Our mad king’s obsession with Greenland has led me to a fascinating 18th century poem by William Cowper. “Greenland under the Influence of the Moravians” caught my eye in part because my wife grew up Moravian and in fact has stories of her ancestors carrying the faith into arctic lands.

In the case of her great-great-great-great grandfather Michael Miksch, however, the locale was northern Russia rather than Greenland. The egalitarian and communitarian faith of the Moravians appealed to many small communities, but Miksch was arrested as a suspected Swedish spy. He was released when he and his fellow Moravians saved their captors after they fell through the ice.

Michael would later turn his attention westward and ended up in Bethlehem, Pennsylvania. His descendants would move on to Gnadenhutten, Ohio (where a few years before a white militia group had massacred two Moravian missionaries and 125 Native American converts) and then to Grace Hill, Iowa, where Julia grew up.

Cowper, who became an evangelical Christian and an ardent opponent of slavery, appears to see the faith of the Moravians as purer and truer than that which flourishes in more temperate climes. (Cowper describes such “false religion” as accompanied by “the pride of lettered ignorance” that “binds in chains of error our accomplished minds.”) By contrast, the simple Moravian beliefs—which included genuine interest in the Inuits—are brighter beams that “shoot into your darkest caves the day/ From which our nicer [more delicate] optics turn away.”

Moravian missions flourished in Greenland until late in the 18th century, when the monopolistic practices of the Danish General Trade Company made imports prohibitively expensive.

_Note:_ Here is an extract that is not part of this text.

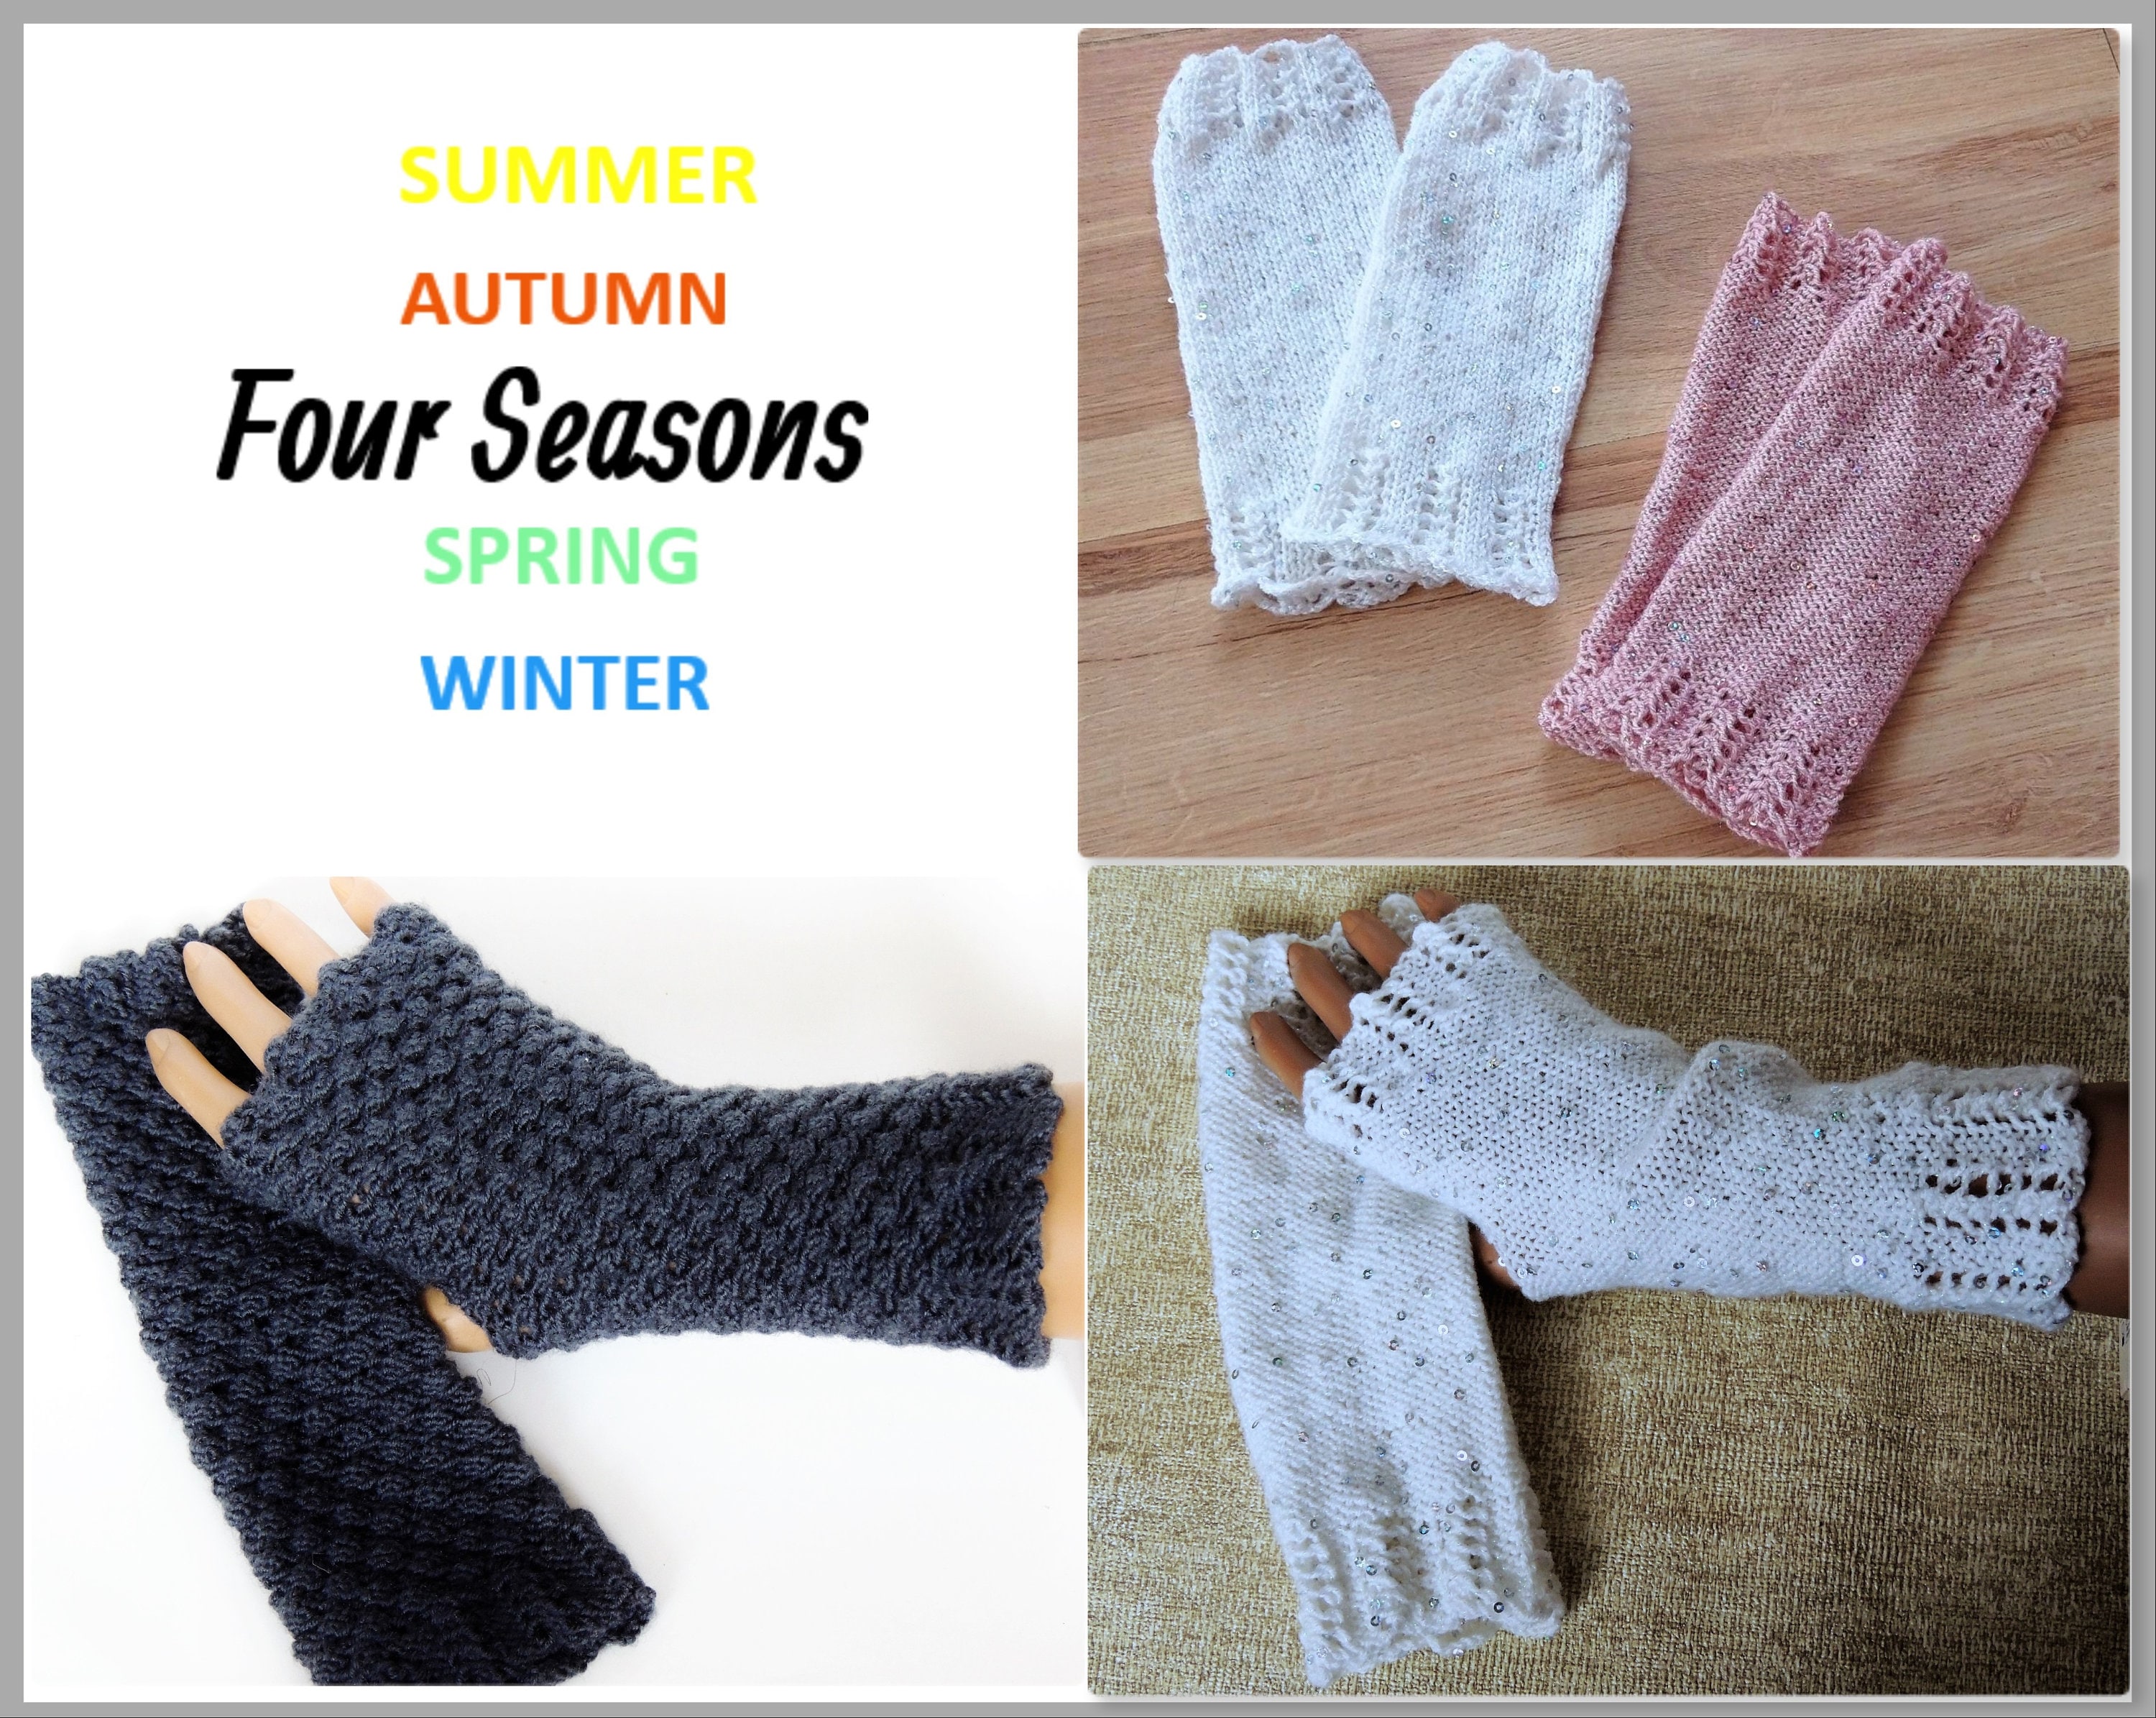 Buy Hand Knitted Wrist Warmers Fingerless Mittens With Sequins

In his poem Cowper focuses on Greenland’s harsh climate: “But Winter, armed with terrors here unknown,/ Sits absolute on his unshaken throne.” So American can’t be satisfied with its “soft airs and genial moisture [that] feed and cheer/ Field, fruit, and flower, and every creature here”? It must have frozen wastes as well?

It doesn’t take Moravians to shine the light of truth on Trump’s nakedly imperialistic designs.

Greenland under the Influence of the Moravians
By William Cowper

Fired with a zeal peculiar, they defy
The rage and rigor of a polar sky,
And plant successfully sweet Sharon’s rose
On icy plains and in eternal snows.
Oh, blest within the enclosure of your rocks,
Nor herds have ye to boast, nor bleating flocks;
No fertilizing streams your fields divide,
That show reversed the villas on their side;
No groves have ye; no cheerful sound of bird,
Or voice of turtle, in your land is heard;
Nor grateful eglantine regales the smell
Of those that walk at evening where ye dwell;
But Winter, armed with terrors here unknown,
Sits absolute on his unshaken throne;
Piles up his stores amidst the frozen waste,
And bids the mountains he has built stand fast;
Beckons the legions of his storms away
From happier scenes, to make your land a prey,
Proclaims the soil a conquest he has won,
And scorns to share it with the distant sun.
Yet Truth is yours, remote, unenvied isle!
And Peace, the genuine offspring of her smile;
The pride of lettered ignorance, that binds
In chains of error our accomplished minds,
That decks with all the splendor of the true
A false religion, is unknown to you.
Nature, indeed, vouchsafes for our delight
The sweet vicissitudes of day and night;
Soft airs and genial moisture feed and cheer
Field, fruit, and flower, and every creature here:
But brighter beams than his who fires the skies
Have risen at length on your admiring eyes,
That shoot into your darkest caves the day
From which our nicer optics turn away.